Returns products visually similar to the query image, combining visual understanding with structured filtering.

Product Understanding

Automatic analysis of product listings:

analysis = hanzo.products.analyze(product_id="prod_123")

# Returns:
{
  "visual_attributes": ["modern", "minimalist", "wood"],
  "sentiment_summary": "Customers praise quality, some note assembly difficulty",
  "competitive_position": "premium segment, unique design",
  "optimization_suggestions": [
    "Add lifestyle images showing scale",
    "Mention included tools in description"
  ]
}

Content Generation

Generate descriptions from images:

description = hanzo.content.generate(
    image=product_image,
    style="professional",
    include=["materials", "dimensions", "use_cases"]
)

Generate images from descriptions (coming soon):

images = hanzo.content.visualize(
    description="Modern wooden desk, minimalist design",
    style="product_photo",
    variations=4
)

Review Analysis

Understand reviews in context of product:

insights = hanzo.reviews.analyze(
    product_id="prod_123",
    reviews=reviews,
    product_images=images
)

# Identifies: "Reviews mentioning 'smaller than expected' correlate with
# main image lacking size reference.
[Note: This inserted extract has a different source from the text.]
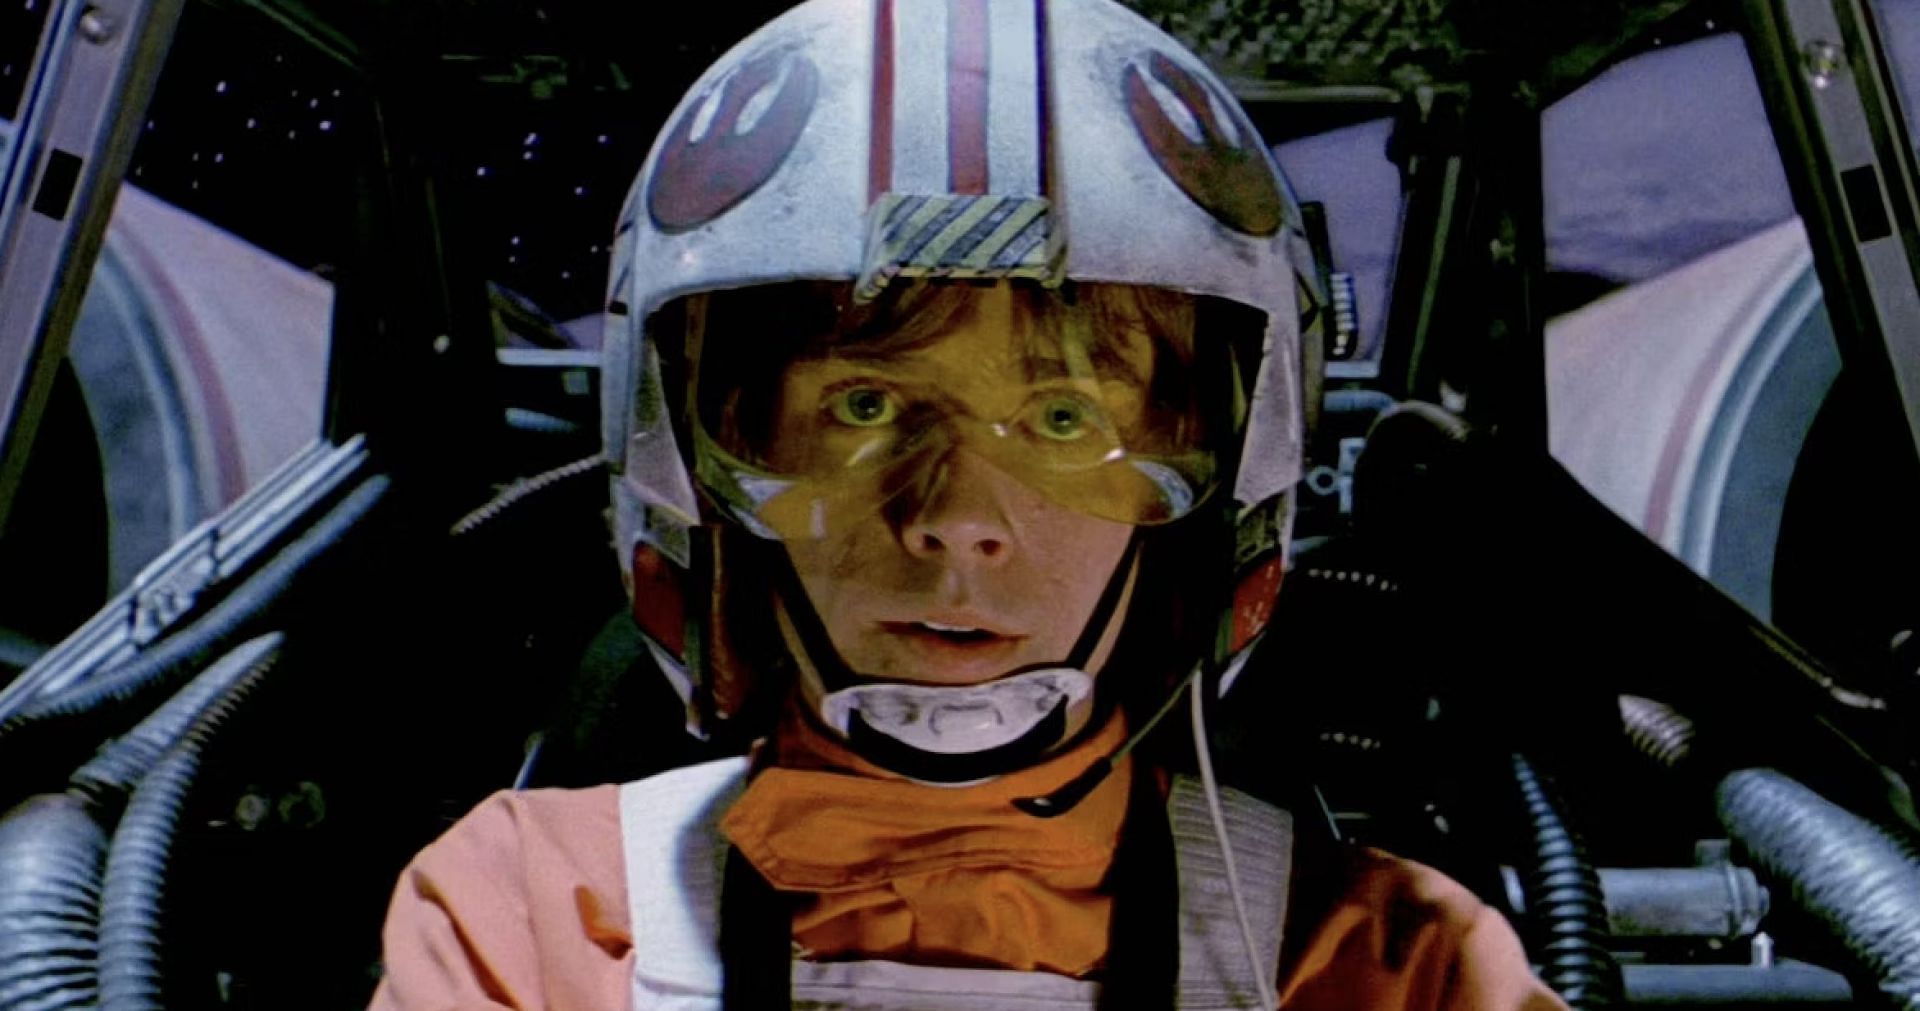 Luke Skywalker prepares to make the shot that will destroy the Death Star (Image via Lucasfilm)

Recommend adding comparison image."

Technical Approach

Architecture

We use a transformer-based architecture with:

  • Modality-specific encoders: Pretrained on large datasets
  • Cross-modal attention: Learns modality relationships
  • Unified decoder: Generates outputs in any modality

Training

Models trained on:

  • 100M+ product images
  • 500M+ product descriptions
  • 1B+ customer interactions
  • 50M+ reviews

Contrastive learning aligns modalities in shared embedding space.

Inference

Optimized for production:

  • Quantized models for efficiency
  • Batch processing for throughput
  • Caching for repeated queries

Privacy

Multi-modal analysis respects privacy:

  • Customer data processed in aggregate
  • No individual behavior in model weights
  • Review analysis anonymizes authors

API Access

Multi-modal capabilities available through existing APIs:

POST /v1/products/analyze
POST /v1/search/visual
POST /v1/content/generate
POST /v1/reviews/analyze

What's Next

  • Audio modality (voice commerce)
  • Video understanding (product demos)
  • 3D model generation
  • Real-time multi-modal search

Commerce is multi-modal. AI for commerce should be too.


Zach Kelling is the founder of Hanzo Industries.